- _Task directions_
Please print exactly the lines from the line containing "Vegan Protein Blend" through the end of the data, no more, and keep pictures out of the copy.

*** Opening Recorded data ***

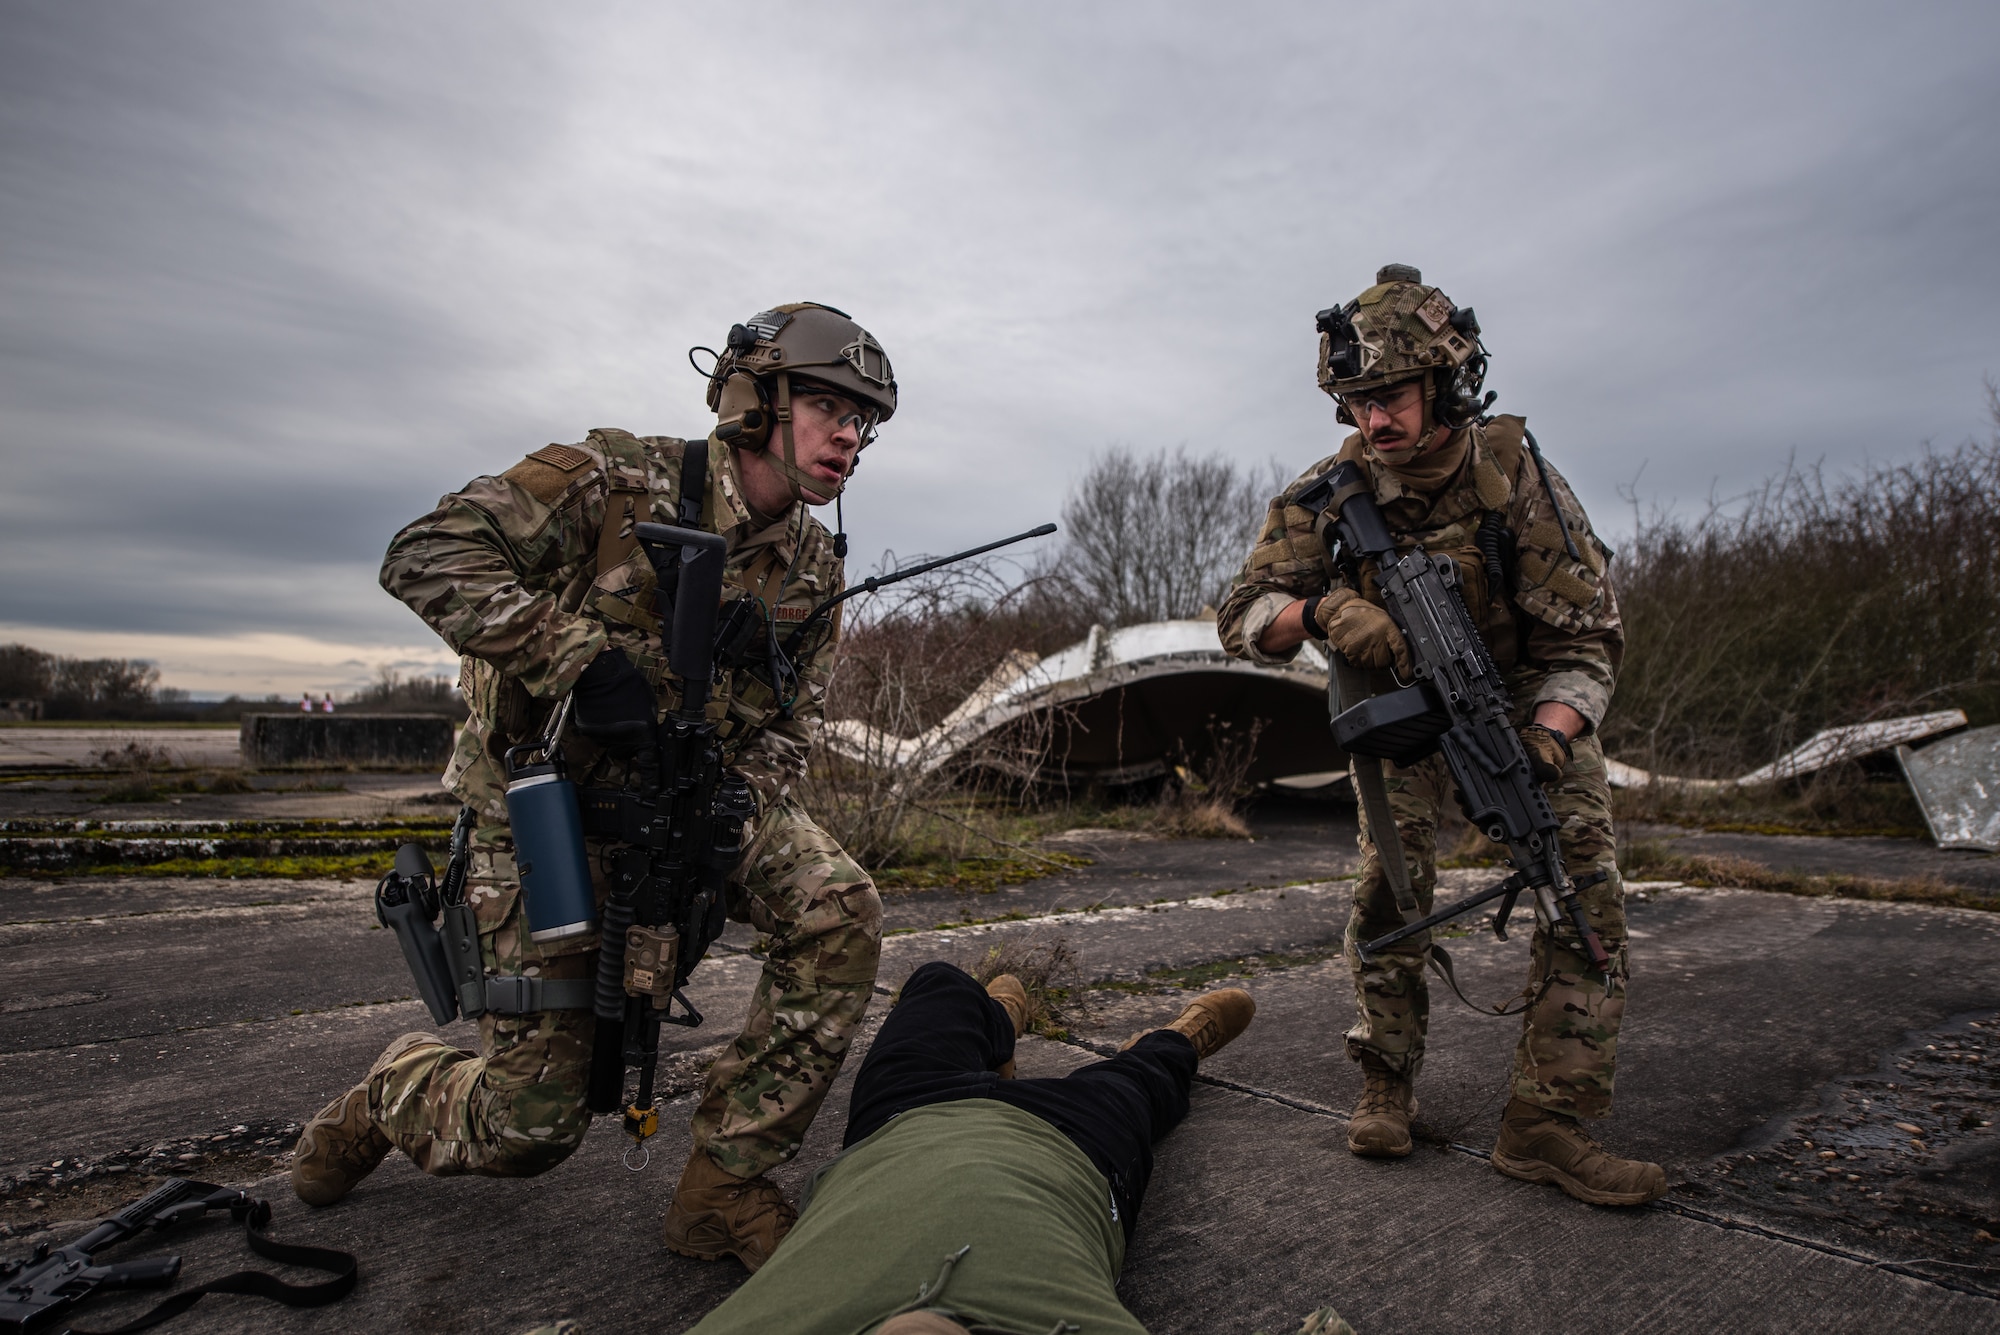 U.S. Air Force Staff Sgt. Dillion Rickman, 435th Security Forces Squadron vehicle maintainer, left, and Staff Sgt. Dwight Stalter, 435th SFS contingency response team leader, perform a body check during exercise Frozen Defender in Grostenquin, France, Jan. 14, 2020. Frozen Defender tests the squadron’s capabilities in a contested environment under harsh conditions. The 435th SFS is capable of securing areas in austere environments so their counterparts within the 435th Contingency Response Group can stand up airfields for air operations. (U.S. Air Force photo by Staff Sgt. Devin Boyer)
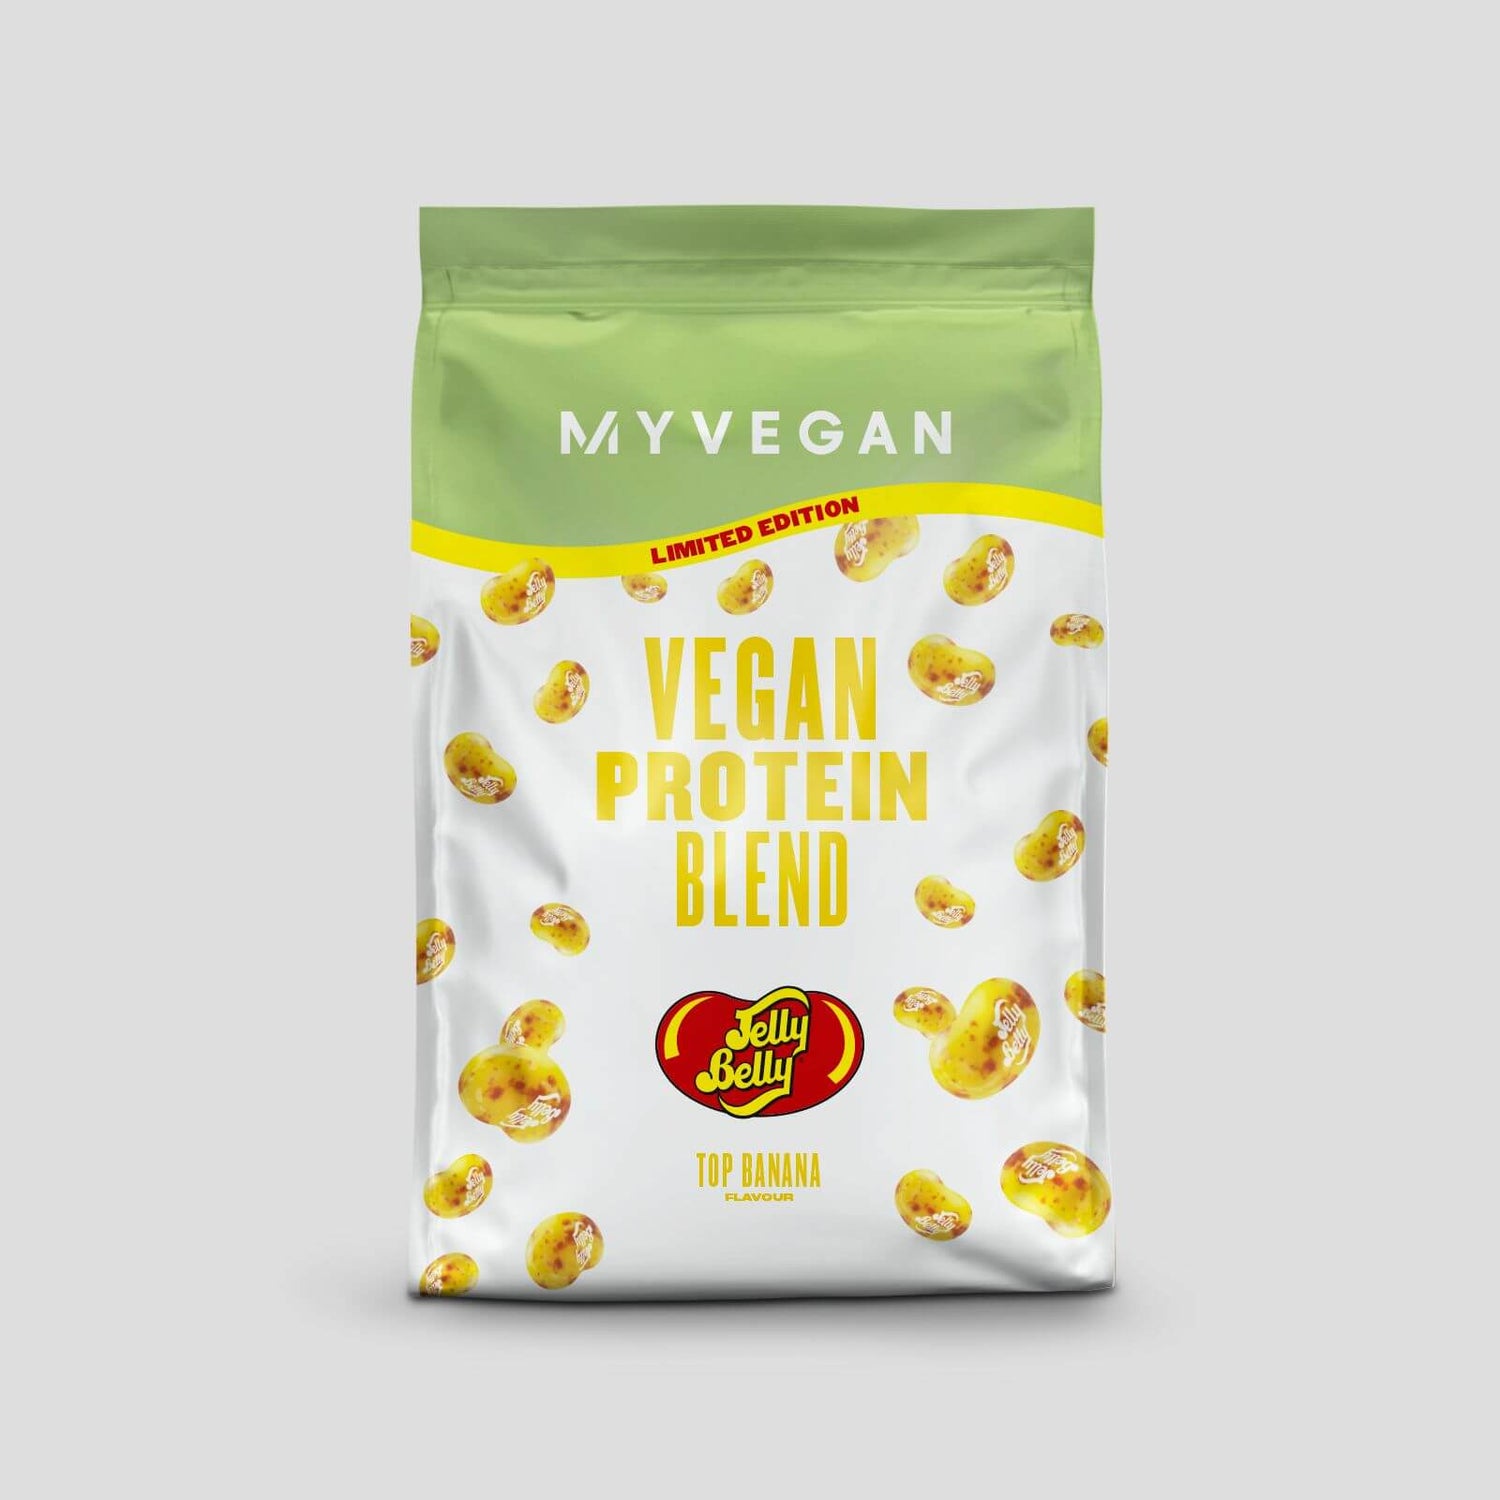 Vegan Protein Blend - Limited Edition Jelly Belly - Top Banana
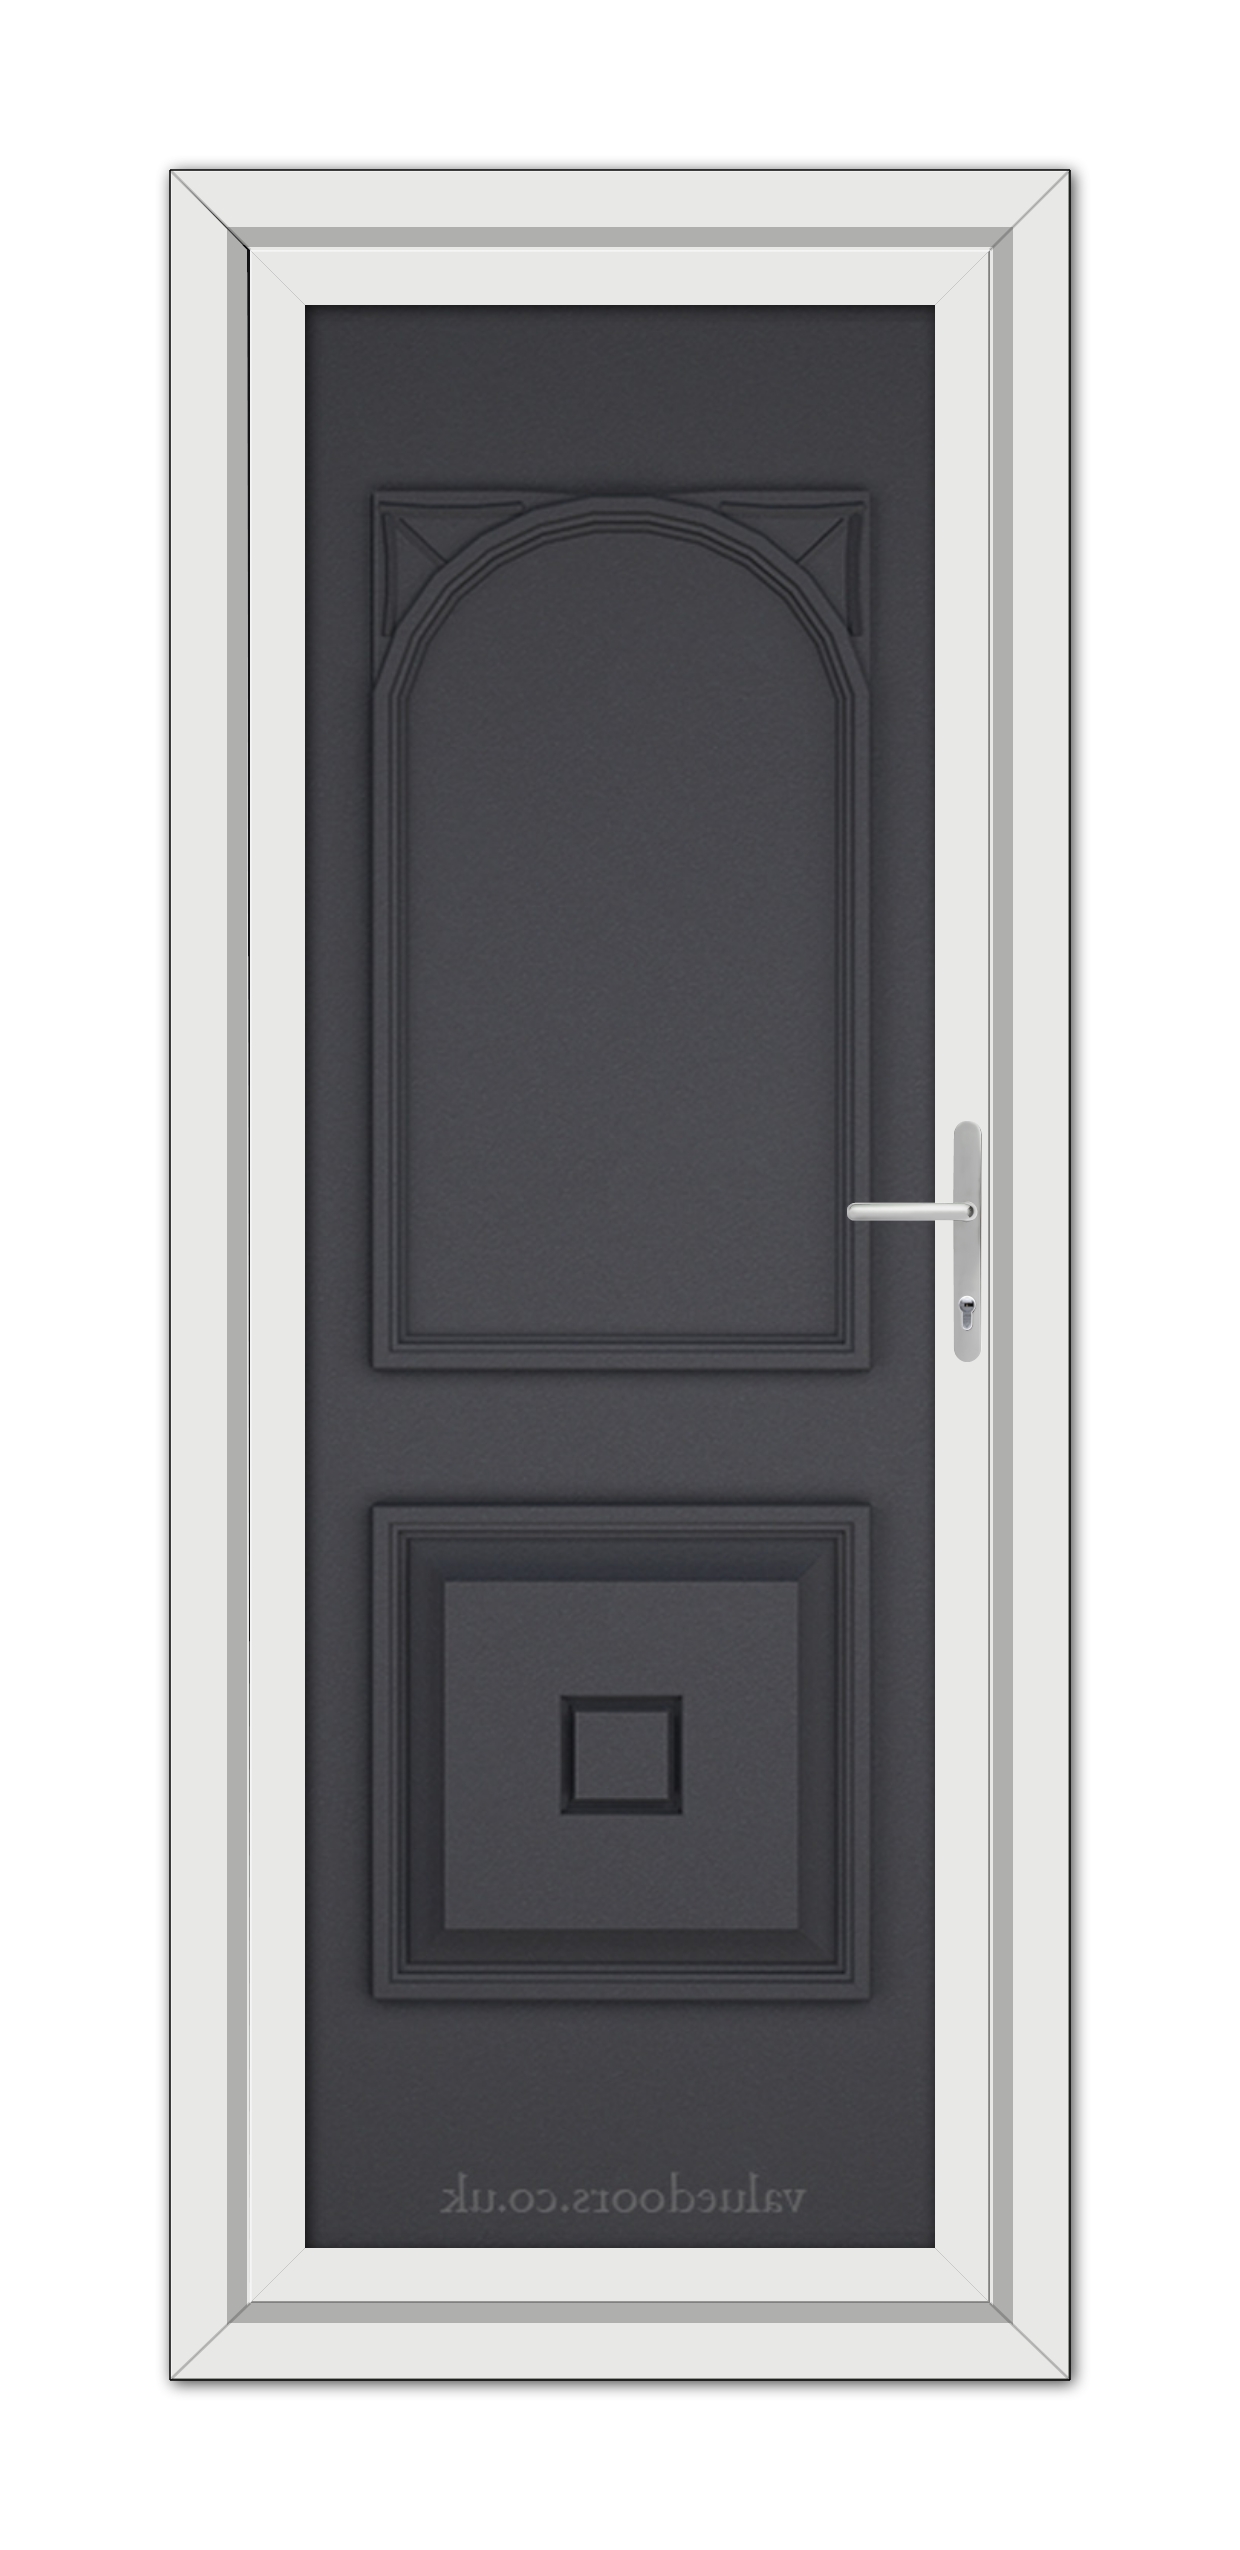 A vertical image of a Grey Grained Reims Solid uPVC Door with a rectangular and arched design, featuring a silver handle, set in a white frame.

*** Closing Recorded data ***

- _Written solution_
 Vegan Protein Blend - Limited Edition Jelly Belly - Top Banana
 A vertical image of a Grey Grained Reims Solid uPVC Door with a rectangular and arched design, featuring a silver handle, set in a white frame.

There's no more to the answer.